Archibald MacLeish, Stéphane Mallarmé, Osip Mandelstam, Christopher Marlowe, Andrew Marvell, John Masefield, Claude McKay, Peter Meinke, Robert Mezey, Edna St. Vincent Millay, Czesław Miłosz, John Milton, Marianne Moore, Thomas Nashe, Pablo Neruda, Sharon Olds, Mary Oliver, Ovid, Wilfred Owen, Boris Pasternak, Octavio Paz, Francesco Petrarca (Petrarch), Marge Piercy, Robert Pinsky, Sylvia Plath, Edgar Allan Poe, Alexander Pope, Ezra Pound, Jacques Prévert, Sir Walter Raleigh, John Crowe Ransom, Henry Reed, Alastair Reid, Adrienne Rich, Rainer Maria Rilke, Arthur Rimbaud, Edwin Arlington Robinson, Theodore Roethke, Kraft Rompf, Christina Rossetti, Dante Gabriel Rossetti, Rumi, Kay Ryan, Carl Sandburg, Sappho, Anne Sexton, William Shakespeare, Percy Bysshe Shelley, Sir Philip Sidney, John Skelton, Gary Snyder, Robert Southwell, Edmund Spenser, William Stafford, Wallace Stevens, Mark Strand, Henry Howard, Earl of Surrey, May Swenson, Wisława Szymborska, James Tate, Alfred Lord Tennyson, Dylan Thomas, Chidiock Tichborne, Jean Toomer, John Updike, Paul Valéry, César Vallejo, Paul Verlaine, Robert Wallace, Wang Wei, Walt Whitman, Richard Wilbur, William Carlos Williams, William Wordsworth, James Wright, Thomas Wyatt, William Butler Yeats, Yevgeny Yevtushenko.

Some of the authors and works named here you have, very likely, already read—perhaps before you were ready to appreciate them. If you were lucky, you read them at an age-appropriate time, or, even better, you may have read them a second or third time as an adult.
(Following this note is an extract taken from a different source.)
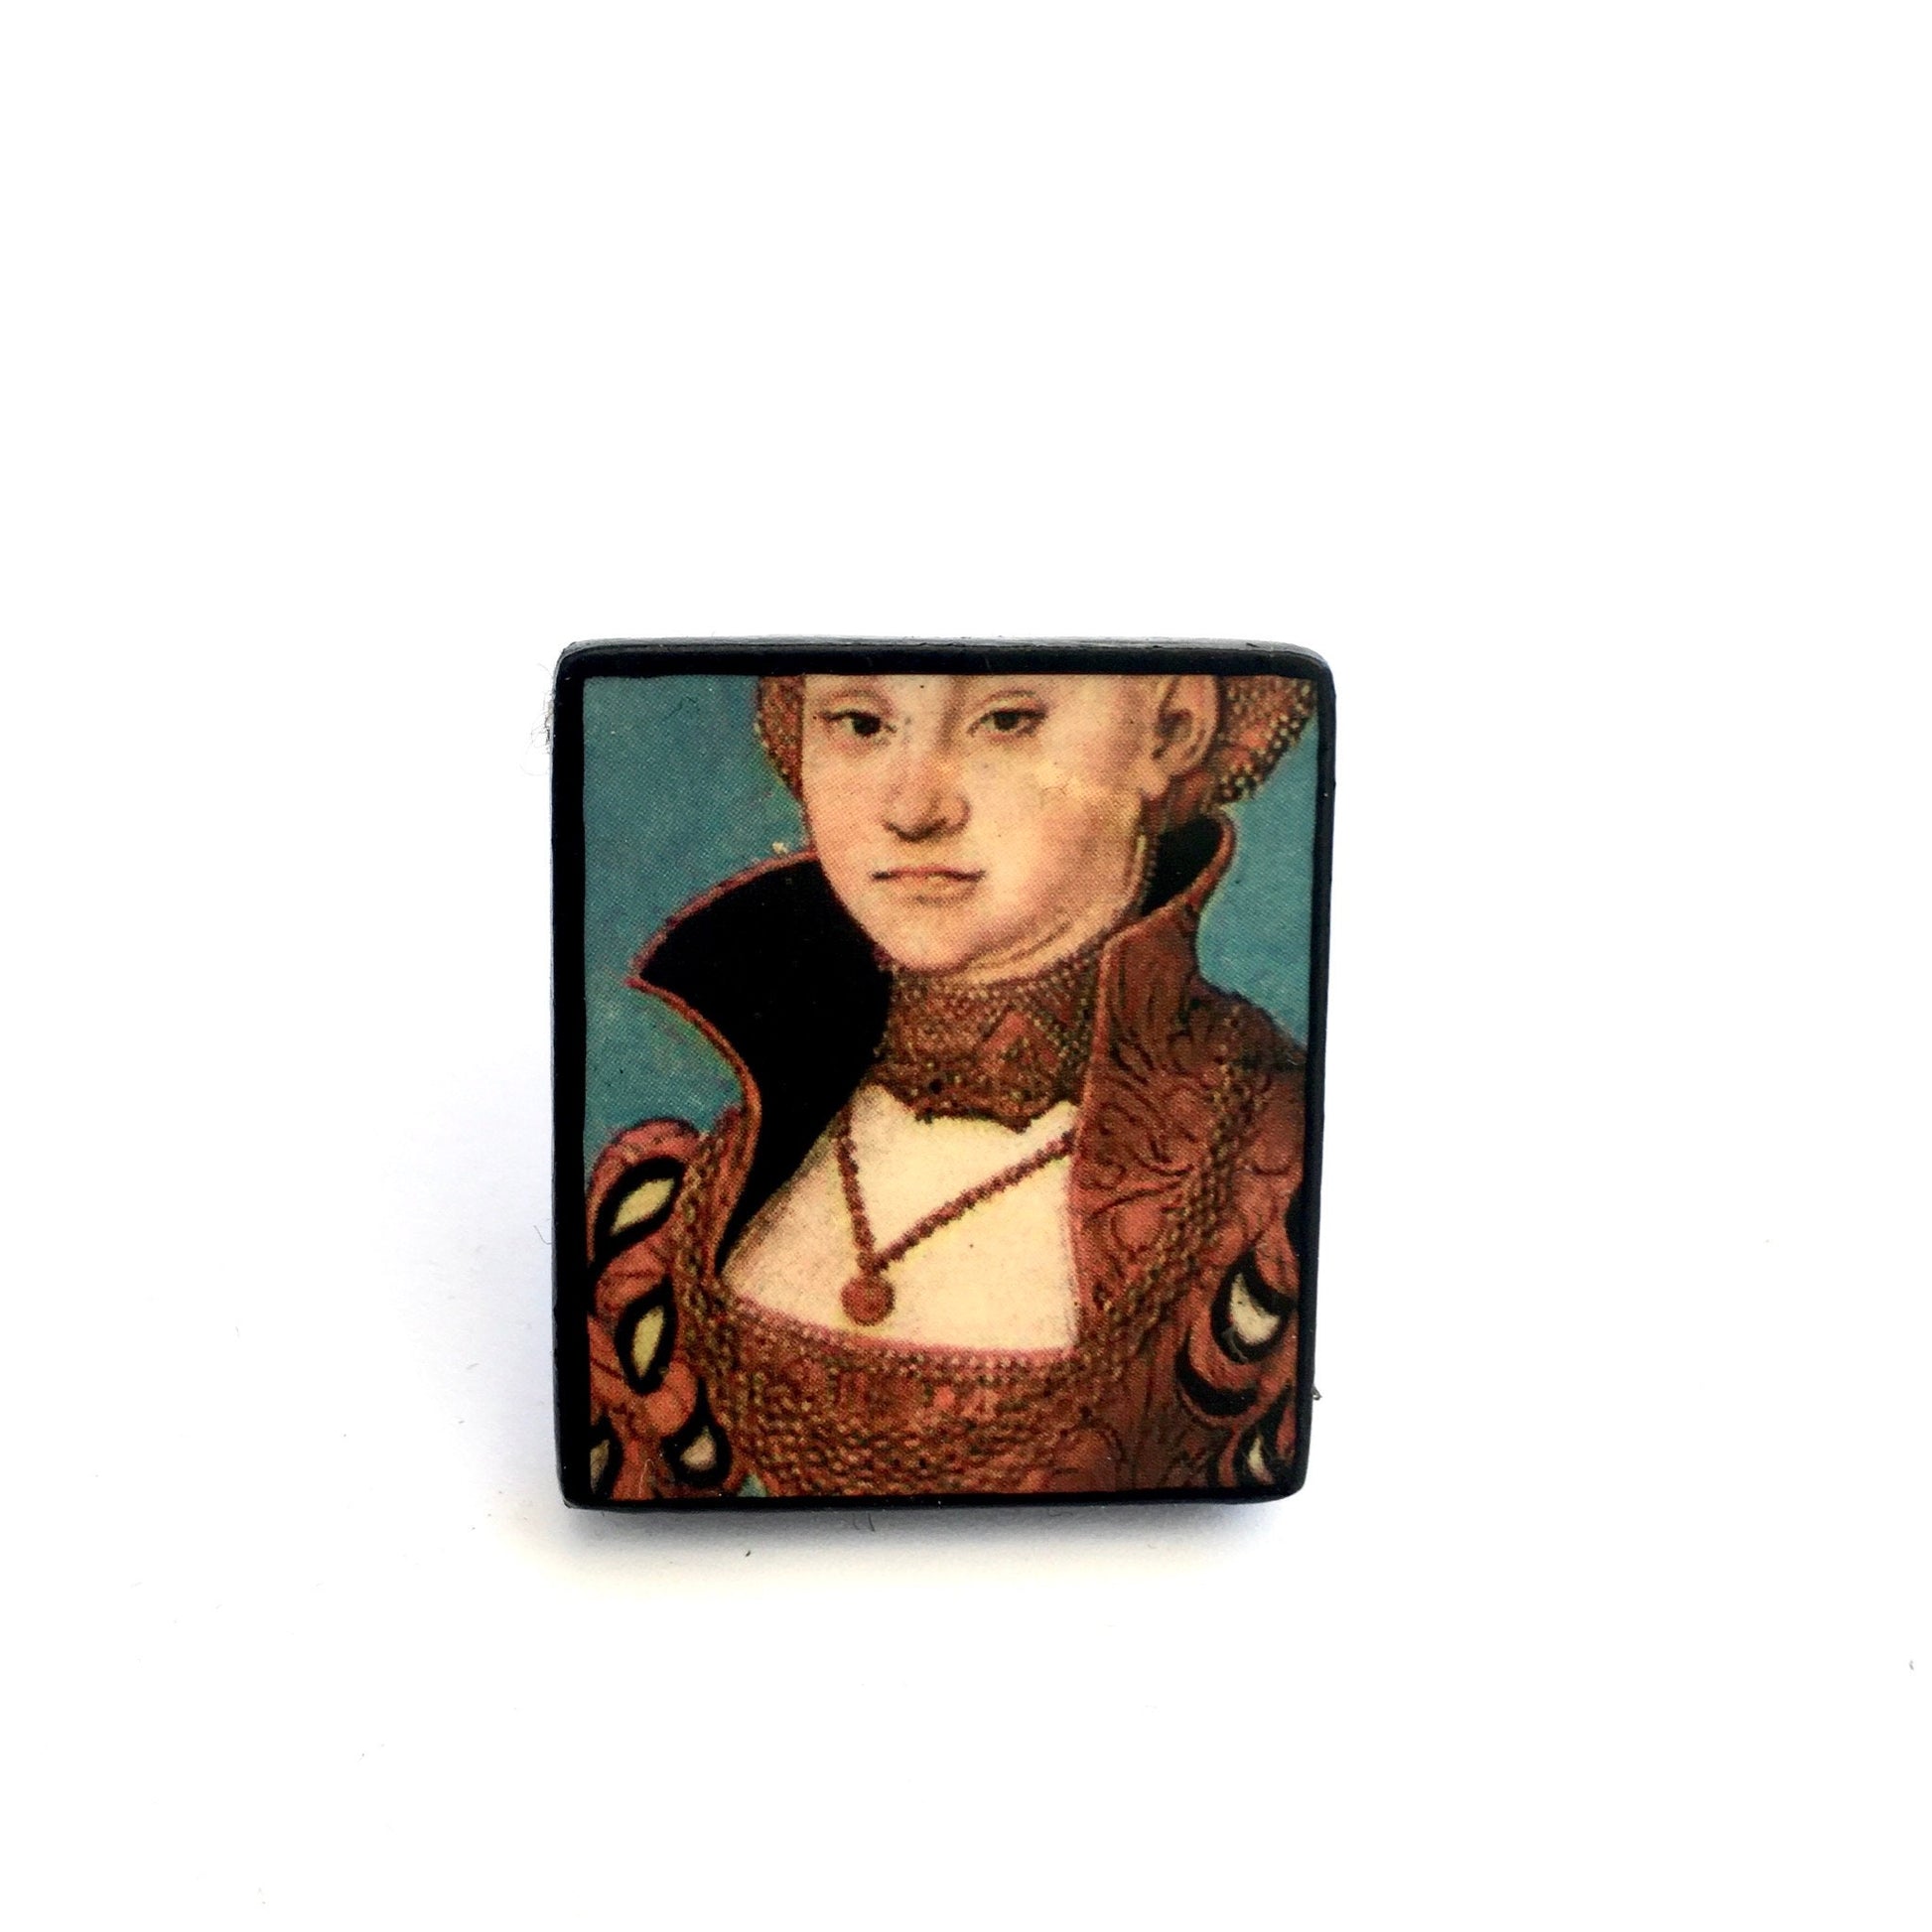 Adjustable, sustainable wooden ring for women, inspired by German Renaissance artist Lucas Cranach. Obljewellery Lady portrait ring.

If you haven’t, perhaps it’s time you should. As Thoreau also remarked about reading: “To read well, that is, to read true books in a true spirit, is a noble exercise, and one that will task the reader.… It requires a training such as the athletes underwent, the steady intention almost of the whole life” (403). Thoreau’s observation captures the challenge and the opportunity, the work and the pleasure of reading the best works of literature we can find.”